The minus term applies to induction in a coil from a magnetic field does it not
?

Graham

5. ### Sean McIlroyGuest

ok, but how does that square with the verbal formulation that the
voltage is in the direction that "opposes" the change in current? if
it were a resistor instead of an inductor then a positive voltage drop
would be associated with a positive current flow, which seems to me to
"oppose" a DECREASE in current, not an increase.

peace
stm

6. ### Jon SlaughterGuest

Z = V/I and V = -L*dI/dt

if I = A*sin(w*t) then you can compute Z. If you use phasors then you'll
see... if you just plug in directly then its not easy but you can get the
value.

An easy way is to use complex numbers(well, this is essentially phasors),

I = A*sin(w*t) = A*Re(-j*e^(j*w*t))= A<-90

then

V = -L*dI/dt = -L*A*w*cos(w*t) = -L*A*w*Re(e^(j*w*t)) = L*A*w<180

Hence V/I = [L*A*w<180]/[A<-90] = wL<[180-90] = wL<[90] = jwL

Hopefully that makes sense. You can get it by just dividing the
quanity -L*A*w*cos(w*t) with A*sin(w*t) and then computing the magnitude and
phase:

Note that V/I is phasor division... You cannot do
A*sin(w*t)/[-L*A*w*cos(w*t)] because that is not what the impedance is(its
not defined as the instantaneous voltage divided by the instantanous current
but by phasor division).

7. ### John LarkinGuest

I can't deal with that verbal formulation. For a 2-terminal device,
with one end grounded, voltage is usually measured at the ungrounded
terminal and current is measured flowing into that terminal.

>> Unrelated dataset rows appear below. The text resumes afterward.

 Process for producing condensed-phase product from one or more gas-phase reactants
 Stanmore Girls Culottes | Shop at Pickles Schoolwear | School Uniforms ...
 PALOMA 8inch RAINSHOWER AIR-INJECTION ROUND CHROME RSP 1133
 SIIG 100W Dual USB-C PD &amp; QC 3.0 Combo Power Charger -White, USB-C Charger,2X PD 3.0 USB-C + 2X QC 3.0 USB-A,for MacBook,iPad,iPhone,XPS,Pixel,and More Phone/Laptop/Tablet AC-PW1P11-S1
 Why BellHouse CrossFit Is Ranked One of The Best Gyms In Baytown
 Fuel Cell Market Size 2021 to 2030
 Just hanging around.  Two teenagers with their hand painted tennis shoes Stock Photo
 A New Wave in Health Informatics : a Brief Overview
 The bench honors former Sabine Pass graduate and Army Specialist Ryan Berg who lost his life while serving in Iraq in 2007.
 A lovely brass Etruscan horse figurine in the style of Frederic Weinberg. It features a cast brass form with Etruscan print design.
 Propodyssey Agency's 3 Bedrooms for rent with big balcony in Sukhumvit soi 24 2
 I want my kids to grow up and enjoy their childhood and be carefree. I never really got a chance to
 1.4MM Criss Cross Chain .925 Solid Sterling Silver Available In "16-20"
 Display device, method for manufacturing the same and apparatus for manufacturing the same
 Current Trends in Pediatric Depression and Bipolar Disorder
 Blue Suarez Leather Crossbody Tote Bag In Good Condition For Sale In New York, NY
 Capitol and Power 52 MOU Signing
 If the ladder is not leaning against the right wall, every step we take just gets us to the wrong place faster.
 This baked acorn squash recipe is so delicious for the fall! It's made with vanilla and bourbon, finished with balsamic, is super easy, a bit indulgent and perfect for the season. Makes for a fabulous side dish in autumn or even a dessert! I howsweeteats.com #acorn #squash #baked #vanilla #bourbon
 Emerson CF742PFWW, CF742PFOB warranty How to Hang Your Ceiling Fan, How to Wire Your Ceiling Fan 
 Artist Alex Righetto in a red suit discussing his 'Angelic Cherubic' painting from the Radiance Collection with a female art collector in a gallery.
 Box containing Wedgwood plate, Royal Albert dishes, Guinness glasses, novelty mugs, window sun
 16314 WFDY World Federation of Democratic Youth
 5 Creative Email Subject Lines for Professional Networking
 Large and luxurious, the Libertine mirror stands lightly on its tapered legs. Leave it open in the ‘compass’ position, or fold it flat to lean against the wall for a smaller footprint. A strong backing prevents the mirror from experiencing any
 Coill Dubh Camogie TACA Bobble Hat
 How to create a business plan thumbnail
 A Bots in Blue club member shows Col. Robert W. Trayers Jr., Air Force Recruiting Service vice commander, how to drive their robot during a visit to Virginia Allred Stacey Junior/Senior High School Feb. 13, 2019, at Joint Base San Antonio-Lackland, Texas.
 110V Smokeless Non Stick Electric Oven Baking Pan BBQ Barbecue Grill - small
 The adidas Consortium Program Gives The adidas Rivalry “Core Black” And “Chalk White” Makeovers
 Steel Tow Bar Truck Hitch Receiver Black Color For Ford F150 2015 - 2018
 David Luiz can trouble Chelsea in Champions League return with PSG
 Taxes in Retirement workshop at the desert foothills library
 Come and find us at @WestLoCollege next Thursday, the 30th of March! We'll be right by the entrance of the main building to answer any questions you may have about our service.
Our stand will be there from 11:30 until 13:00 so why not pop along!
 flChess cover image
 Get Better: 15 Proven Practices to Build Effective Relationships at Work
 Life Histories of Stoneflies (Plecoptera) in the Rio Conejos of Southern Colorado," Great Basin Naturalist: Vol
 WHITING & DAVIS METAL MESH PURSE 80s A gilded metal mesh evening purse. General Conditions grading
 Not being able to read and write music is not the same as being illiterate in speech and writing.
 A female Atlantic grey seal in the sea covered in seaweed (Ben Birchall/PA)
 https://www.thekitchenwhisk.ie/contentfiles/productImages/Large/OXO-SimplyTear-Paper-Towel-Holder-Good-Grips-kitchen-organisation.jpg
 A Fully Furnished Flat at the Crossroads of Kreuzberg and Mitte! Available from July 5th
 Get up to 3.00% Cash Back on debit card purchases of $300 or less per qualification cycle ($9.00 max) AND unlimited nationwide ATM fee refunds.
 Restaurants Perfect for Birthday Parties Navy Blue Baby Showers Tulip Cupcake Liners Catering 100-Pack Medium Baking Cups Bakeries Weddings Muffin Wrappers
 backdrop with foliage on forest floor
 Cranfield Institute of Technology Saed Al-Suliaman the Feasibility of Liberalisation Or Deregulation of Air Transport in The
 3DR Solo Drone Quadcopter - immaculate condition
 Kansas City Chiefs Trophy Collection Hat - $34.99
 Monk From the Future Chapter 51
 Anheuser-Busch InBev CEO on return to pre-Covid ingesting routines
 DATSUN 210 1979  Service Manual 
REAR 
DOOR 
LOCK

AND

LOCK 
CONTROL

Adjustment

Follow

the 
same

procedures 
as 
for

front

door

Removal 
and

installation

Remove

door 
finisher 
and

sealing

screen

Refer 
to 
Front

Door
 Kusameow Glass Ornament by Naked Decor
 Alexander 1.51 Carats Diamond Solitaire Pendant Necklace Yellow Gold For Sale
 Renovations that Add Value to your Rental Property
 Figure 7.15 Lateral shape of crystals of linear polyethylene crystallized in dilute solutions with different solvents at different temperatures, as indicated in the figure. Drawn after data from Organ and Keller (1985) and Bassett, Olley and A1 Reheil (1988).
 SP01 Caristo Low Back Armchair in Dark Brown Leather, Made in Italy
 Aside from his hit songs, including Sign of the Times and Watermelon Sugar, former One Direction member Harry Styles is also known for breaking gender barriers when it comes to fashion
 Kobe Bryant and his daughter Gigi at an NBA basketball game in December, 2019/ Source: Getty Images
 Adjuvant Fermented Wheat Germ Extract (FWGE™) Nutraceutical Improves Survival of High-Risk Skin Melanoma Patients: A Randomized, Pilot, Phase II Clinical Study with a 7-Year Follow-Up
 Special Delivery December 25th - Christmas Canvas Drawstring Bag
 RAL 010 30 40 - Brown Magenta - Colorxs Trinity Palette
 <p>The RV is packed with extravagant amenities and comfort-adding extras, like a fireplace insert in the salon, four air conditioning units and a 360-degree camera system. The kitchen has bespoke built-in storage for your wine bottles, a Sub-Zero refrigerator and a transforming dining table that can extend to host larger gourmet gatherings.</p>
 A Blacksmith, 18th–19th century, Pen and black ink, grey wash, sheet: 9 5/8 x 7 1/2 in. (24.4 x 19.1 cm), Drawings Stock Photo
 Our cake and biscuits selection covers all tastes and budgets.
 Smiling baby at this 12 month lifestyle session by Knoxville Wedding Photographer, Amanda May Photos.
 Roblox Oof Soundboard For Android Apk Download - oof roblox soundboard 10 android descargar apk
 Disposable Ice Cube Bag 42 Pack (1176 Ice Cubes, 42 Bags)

For a resistor, positive current makes positive voltage.

E = I * R

For a capacitor, positive current ramps up positive voltage.

E = integral(I/C)

For an inductor, increasing positive current causes the terminal to
have a positive voltage.

E = L di/dt

all positive. A negative sign would violate conservation of energy.

John

8. ### Guest

1) It's the induction voltage accross the coil, not quite the voltage
accross it unless R = 0
2) Is it V(t) = -L dI/dt ?
3) It depends on how you mark the (-) and (+) for V(t) on your
drawing. If you swap the (-) and (+) then the negative sign infront
of the L disapears
4) Why the current flows from (+) to (-) while electrons going the
other way?